"Como? Repete?" — Se você ouve isso com frequência, provavelmente já se perguntou se o problema é com quem está ouvindo ou com você.

Na maior parte das vezes, não é nenhum dos dois. É o ritmo.

Falar rápido demais é uma das queixas mais comuns no consultório de fonoaudiologia — especialmente entre adultos que trabalham muito com comunicação e que, ao longo da vida, foram aumentando o ritmo sem perceber.

O que acontece quando a fala é muito rápida?

Quando o ritmo da fala excede a capacidade de articulação, os sons começam a se comprimir. Sílabas são engolidas, palavras ficam incompletas, pausas desaparecem — e quem ouve tem dificuldade para processar o que está sendo dito.

O problema não está nas palavras. Está na velocidade com que elas chegam. E o curioso é que quem fala rápido raramente percebe — o ritmo parece completamente normal para si mesmo.

Por que algumas pessoas falam tão rápido?

Há componentes neurológicos, emocionais e culturais. Algumas pessoas têm um processamento mais acelerado e a fala segue esse ritmo. Outras desenvolveram a fala rápida em ambientes familiares onde todos falavam assim. Ansiedade também tem um papel: em situações de pressão, o ritmo tende a aumentar ainda mais.

Há ainda uma condição específica chamada taquilalia — uma alteração de fluência em que a fala é sistematicamente acelerada, com omissão de sílabas e sons, que a fonoaudiologia trata de forma direcionada.

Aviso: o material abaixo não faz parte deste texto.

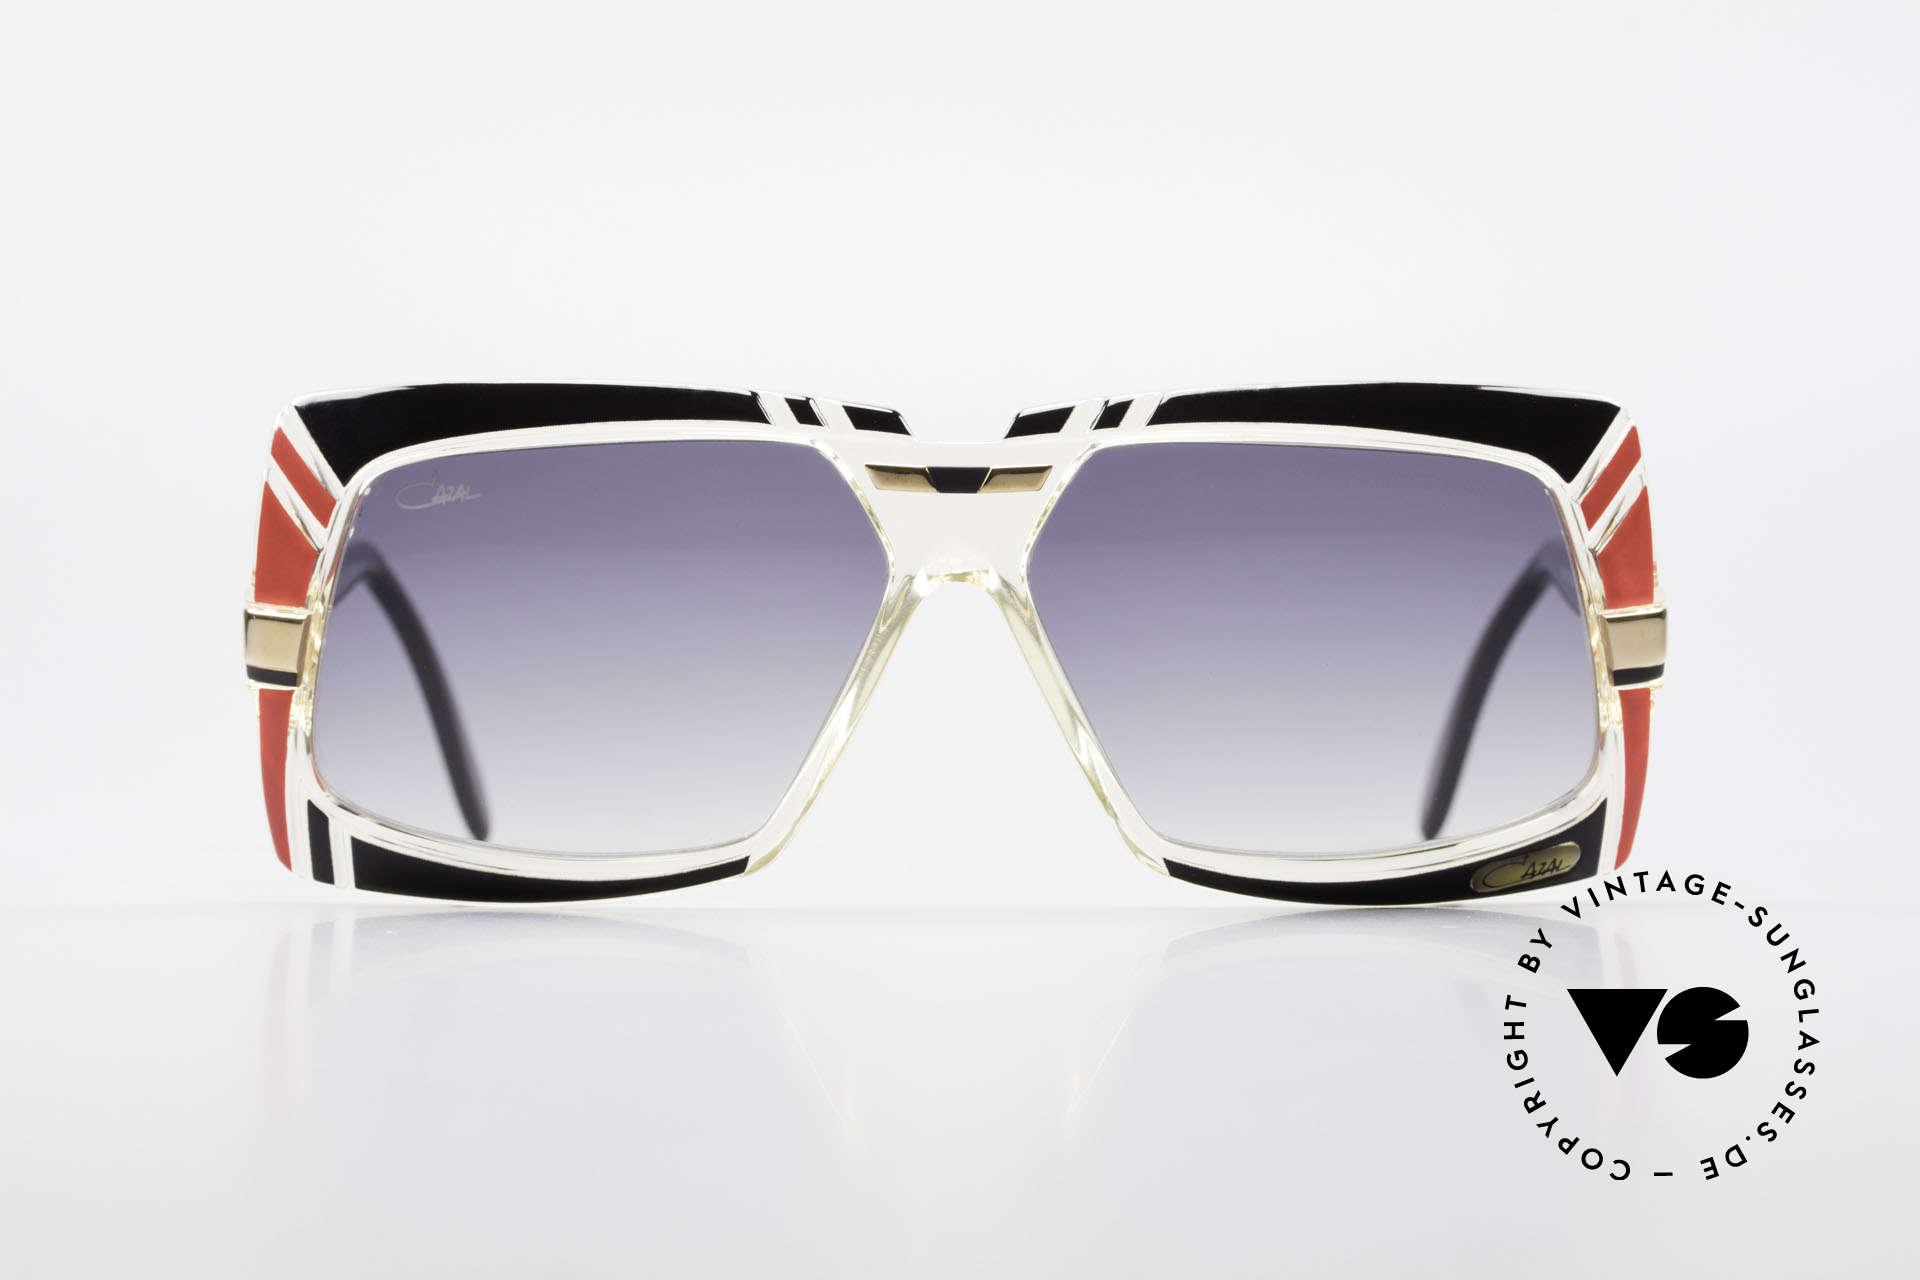 Cazal 869 80er True Vintage Sonnenbrille, geniale Kombination aus Formen, Farben & Materialien, Passend für Herren und Damen

Como isso impacta quem fala rápido?

Além de ser mal compreendido com frequência, quem fala muito rápido costuma passar uma imagem diferente da que gostaria: nervosismo, ansiedade, falta de segurança. Em contextos profissionais — apresentações, reuniões, negociações — isso tem impacto real.

A ironia é que muitas pessoas falam rápido justamente para parecer mais confiantes ou dinâmicas, e o efeito é o oposto.

O que a fonoaudiologia faz?

O trabalho com fala acelerada envolve desenvolver consciência do próprio ritmo, trabalhar pausas estratégicas, melhorar a articulação dos sons e aprender a usar a respiração como âncora para o ritmo da fala.

Não se trata de falar lento — trata-se de falar no ritmo certo para ser bem compreendido. O resultado costuma ser percebido rapidamente, inclusive pelas próprias pessoas que convivem com quem está em acompanhamento.

Vale buscar ajuda para isso?

Se você é frequentemente mal compreendido, se percebe que precisa repetir muito o que diz, ou se a fala acelerada está te prejudicando no trabalho ou nas relações — sim, vale muito.